# Titanic - Final Report and Conclusions
## Objective
In this section, we will summarize the key findings, evaluate feature importance,
and discuss potential improvements for the Titanic survival prediction model.

## Key Findings
1. **Data Exploration:**
   - Women had a higher survival rate compared to men.
   - Higher-class passengers had better chances of survival.
   - Many missing values were found in the 'Cabin' column.

2. **Feature Engineering:**
   - Family size and social status (title) proved to be important features.
   - Scaling and encoding categorical variables improved model performance.

3. **Model Performance:**
   - Random Forest outperformed Logistic Regression in terms of accuracy.
   - ROC analysis revealed an acceptable trade-off between sensitivity and specificity.

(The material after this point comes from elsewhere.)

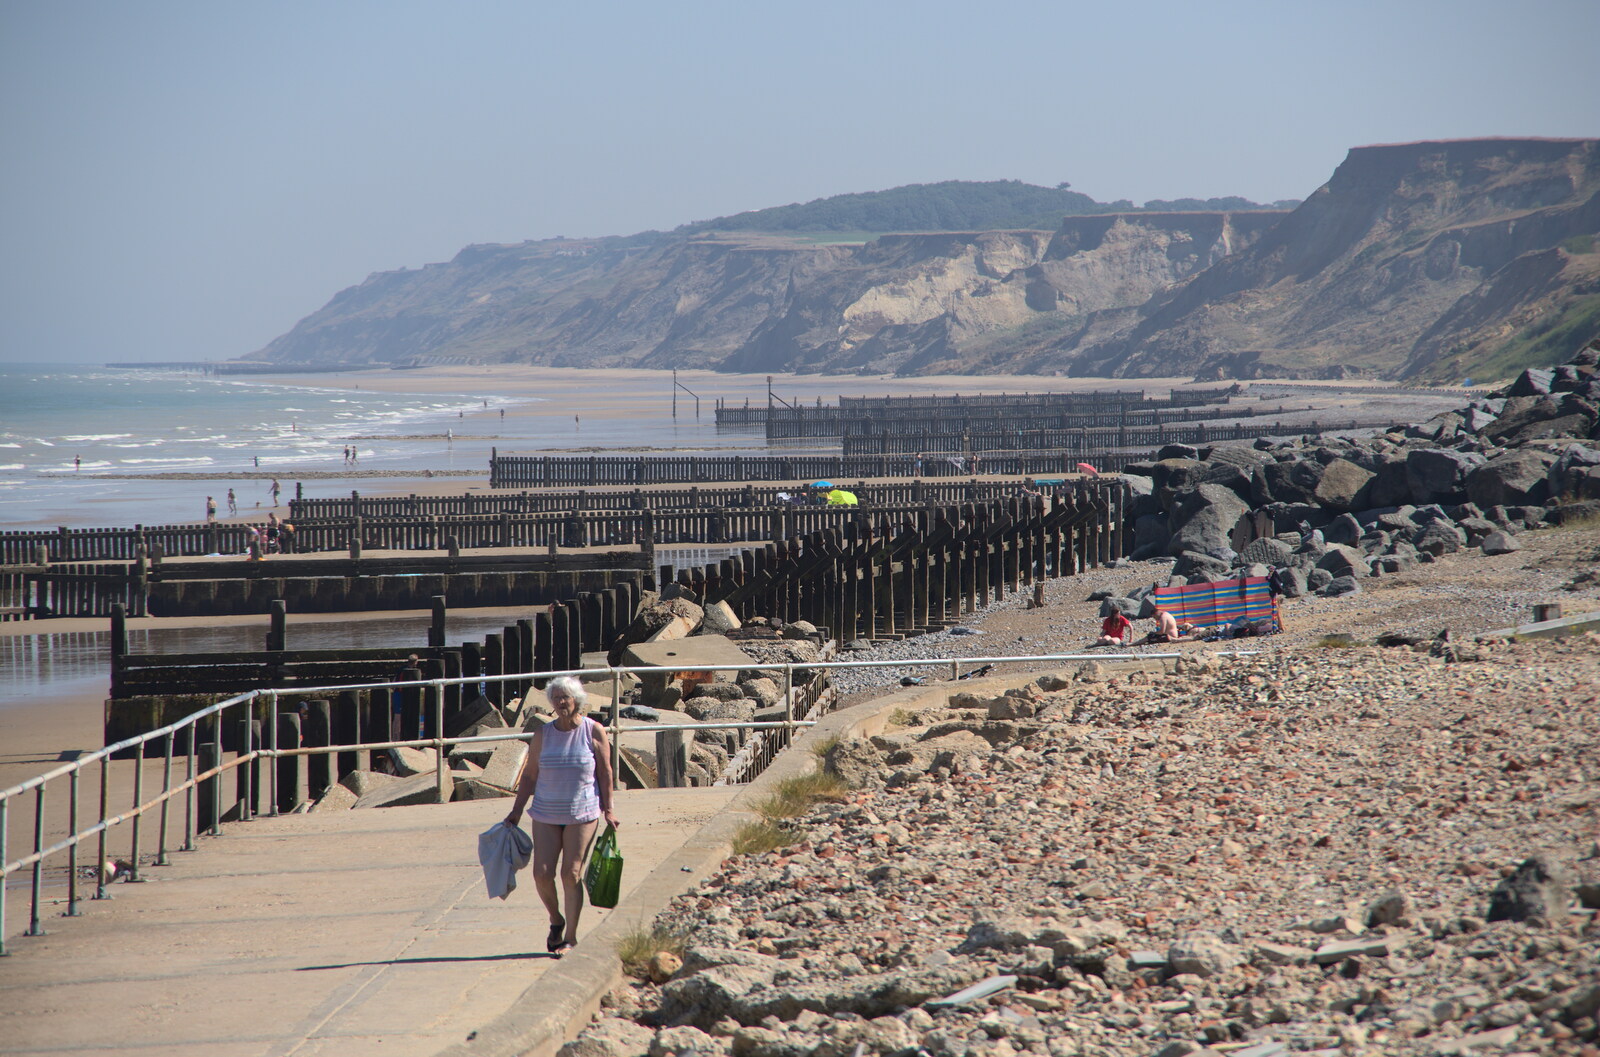 A view along Overstrand beach from Camping at Forest Park, Cromer, Norfolk - 12th August 2022

## Feature Importance Analysis
We will now analyze which features contributed the most to the Random Forest model's decisions.

In [None]:
import pandas as pd
import matplotlib.pyplot as plt
from sklearn.ensemble import RandomForestClassifier
from sklearn.model_selection import train_test_split

train_df = pd.read_csv('train_cleaned.csv')
features = ['Pclass', 'Sex', 'Age', 'Fare', 'FamilySize', 'IsAlone', 'Embarked_Q', 'Embarked_S', 'Title_Miss', 'Title_Mr', 'Title_Mrs']
X = train_df[features]
y = train_df['Survived']

X_train, X_val, y_train, y_val = train_test_split(X, y, test_size=0.2, random_state=42)
rf = RandomForestClassifier(n_estimators=100, random_state=42)
rf.fit(X_train, y_train)

feature_importances = pd.DataFrame({'Feature': features, 'Importance': rf.feature_importances_})
feature_importances.sort_values(by='Importance', ascending=False, inplace=True)
plt.figure(figsize=(10,6))
plt.barh(feature_importances['Feature'], feature_importances['Importance'])
plt.title('Feature Importance')
plt.xlabel('Importance')
plt.ylabel('Feature')
plt.show()

## Potential Improvements
Based on the findings, the following improvements can be considered:
- Fine-tuning hyperparameters of models using GridSearchCV.
- Applying advanced feature selection techniques to reduce dimensionality.
- Using ensemble models such as Gradient Boosting and XGBoost.
- Collecting additional data to enrich the dataset.


## Final Thoughts
- The Titanic dataset is a great case for learning data preprocessing and modeling.
- Despite limitations such as missing data, useful insights were derived.
- Further improvements in feature engineering and model selection can enhance predictions.